Material provided Block Start

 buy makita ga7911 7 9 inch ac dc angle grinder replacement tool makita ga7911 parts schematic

Material provided Block End
Material provided Block Start

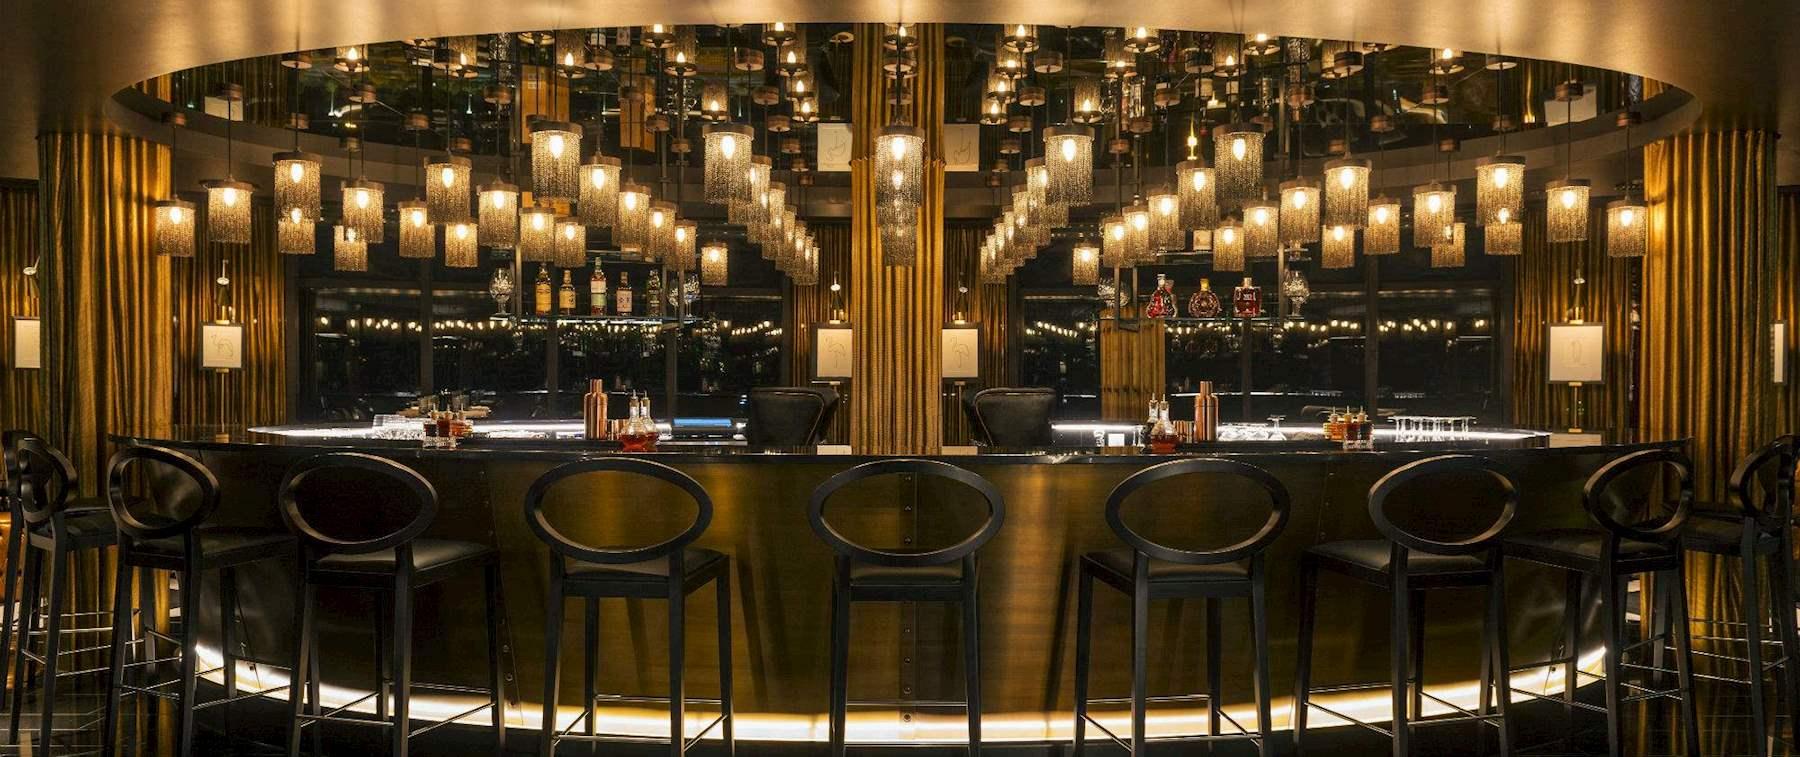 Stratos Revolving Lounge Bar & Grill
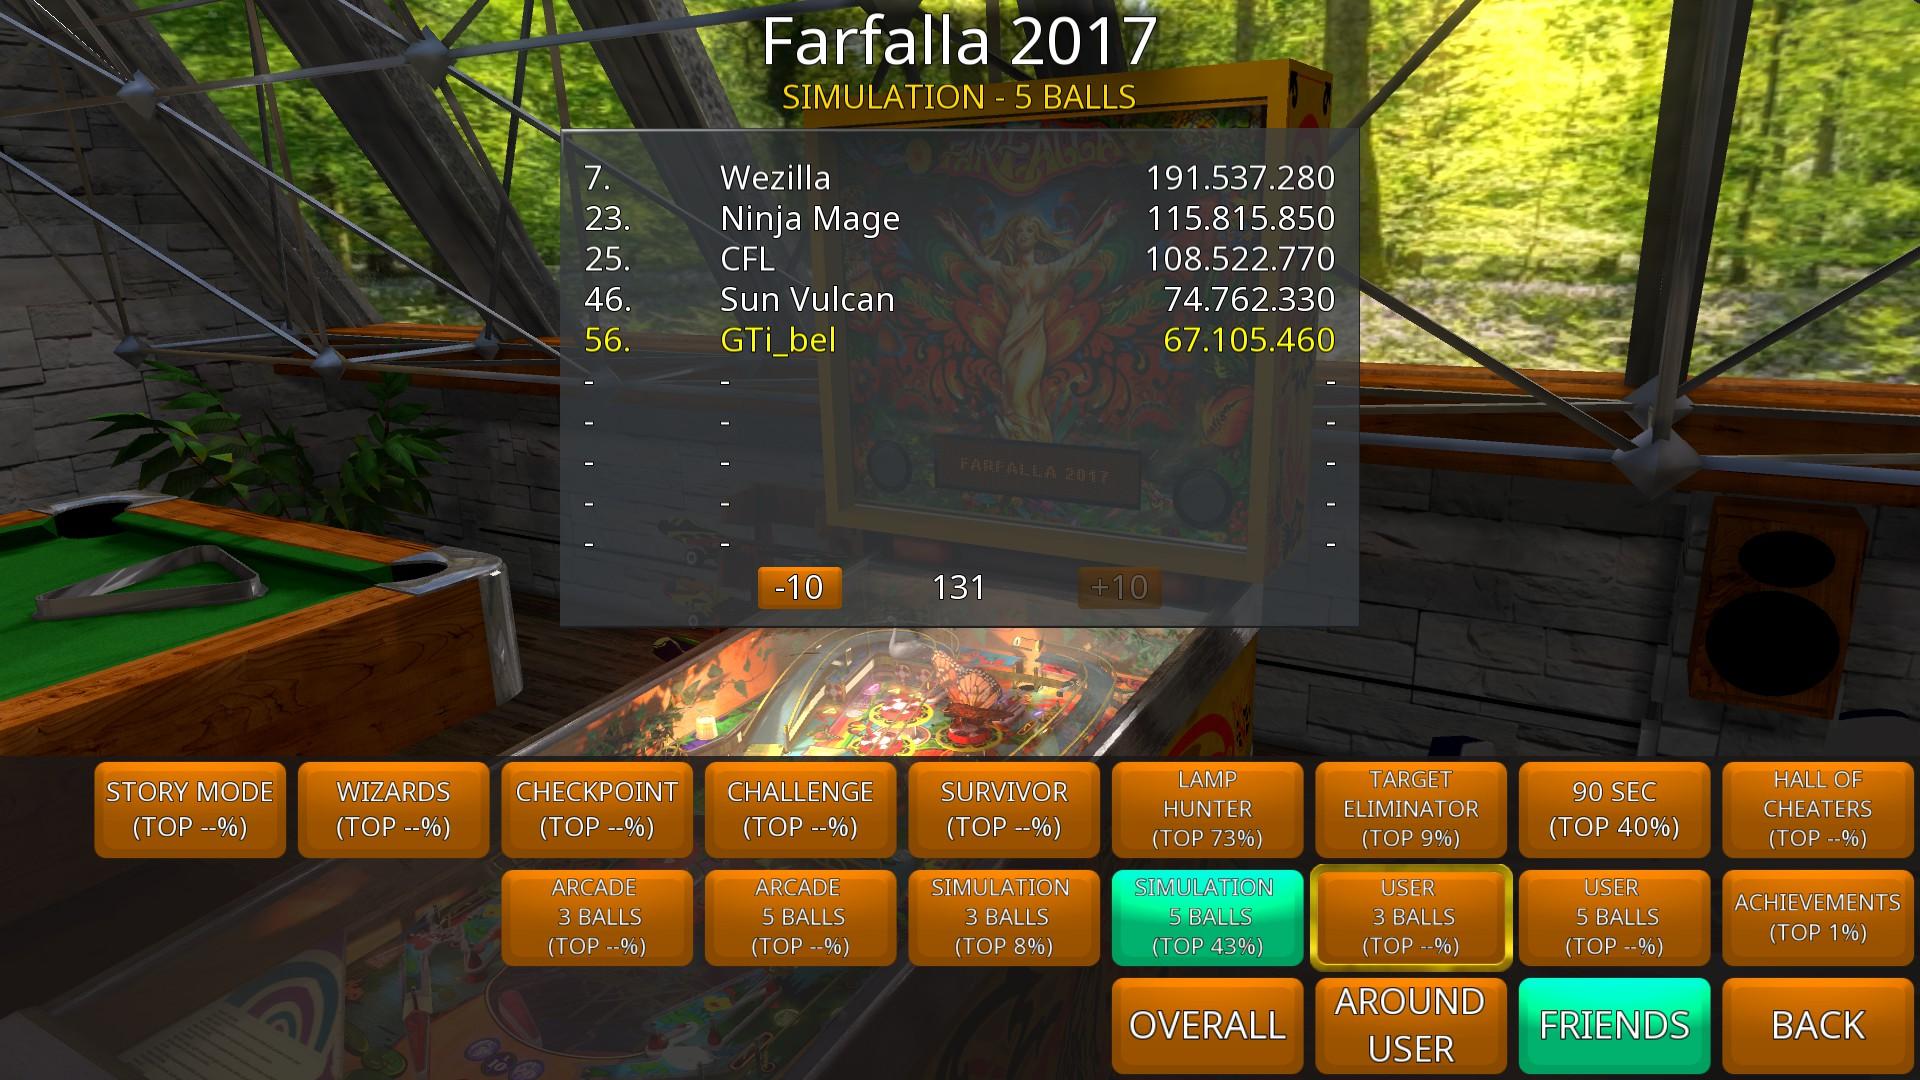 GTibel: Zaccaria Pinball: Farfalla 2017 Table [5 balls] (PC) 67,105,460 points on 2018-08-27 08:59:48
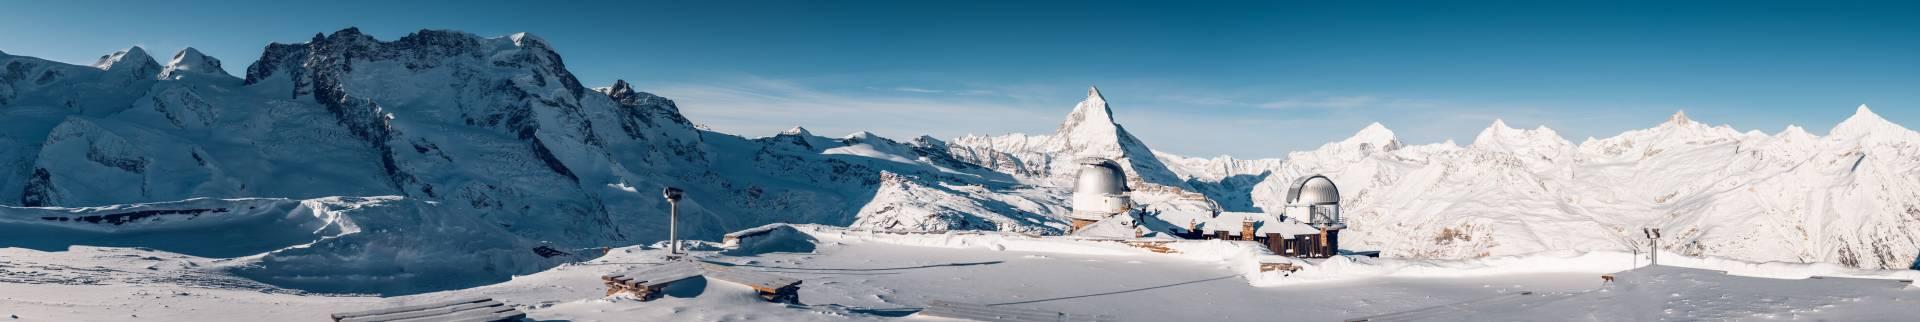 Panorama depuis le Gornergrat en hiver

Material provided Block End
Material provided Block Start

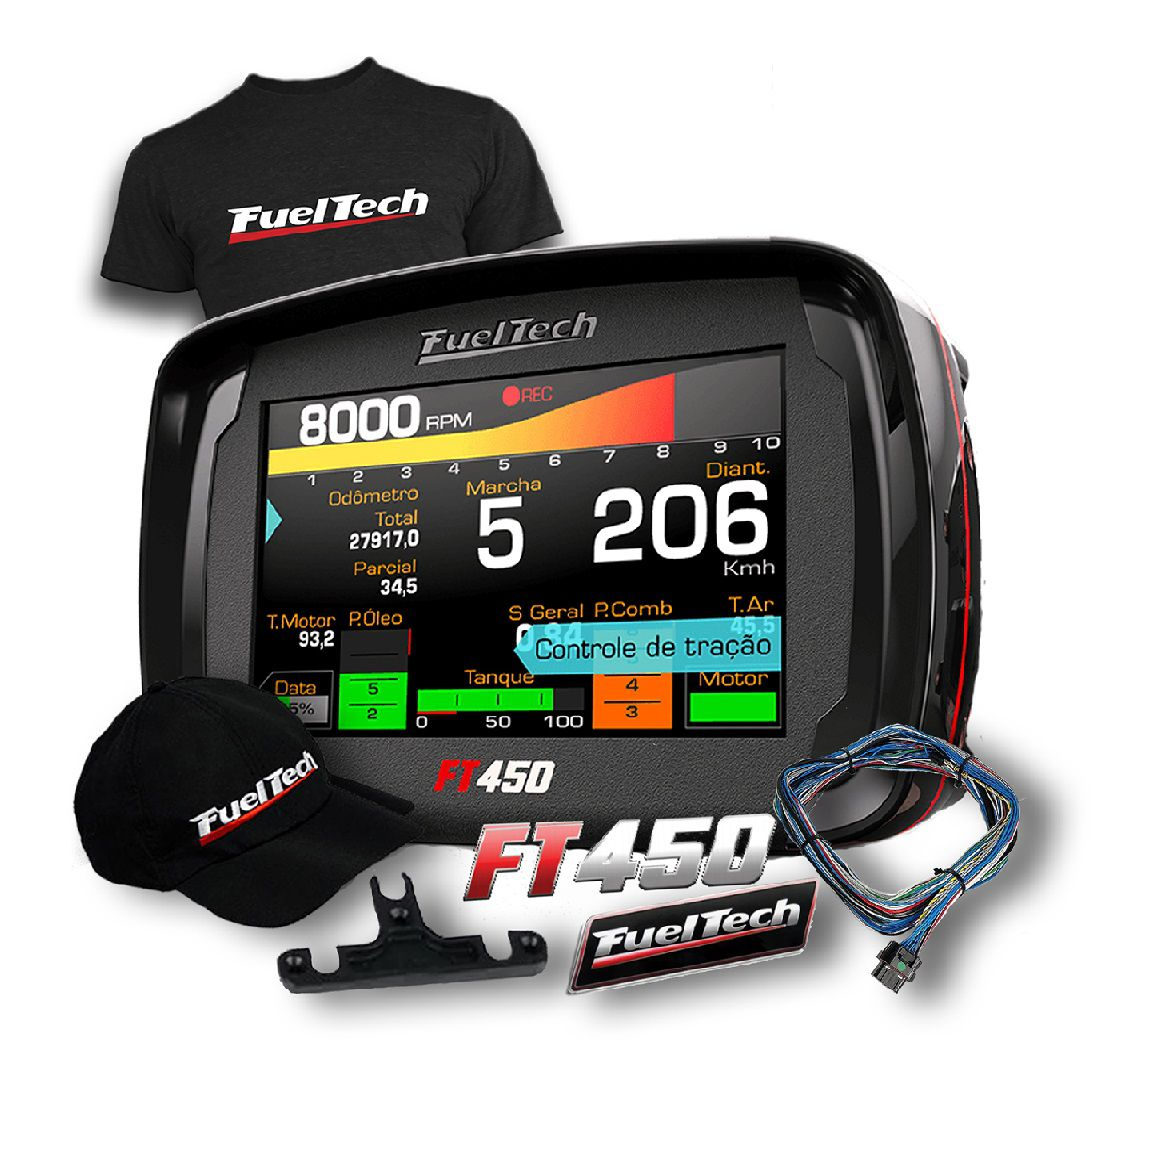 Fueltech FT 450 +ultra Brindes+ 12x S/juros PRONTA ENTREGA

Material provided Block End

Line for line, output the entries above from the line with "GTibel: Zaccaria Pinball: Farfalla" to the line with "Panorama depuis le Gornergrat en hiver", both included, and nothing more. Skip pictures.

▸ Response to this task
 GTibel: Zaccaria Pinball: Farfalla 2017 Table [5 balls] (PC) 67,105,460 points on 2018-08-27 08:59:48
 Panorama depuis le Gornergrat en hiver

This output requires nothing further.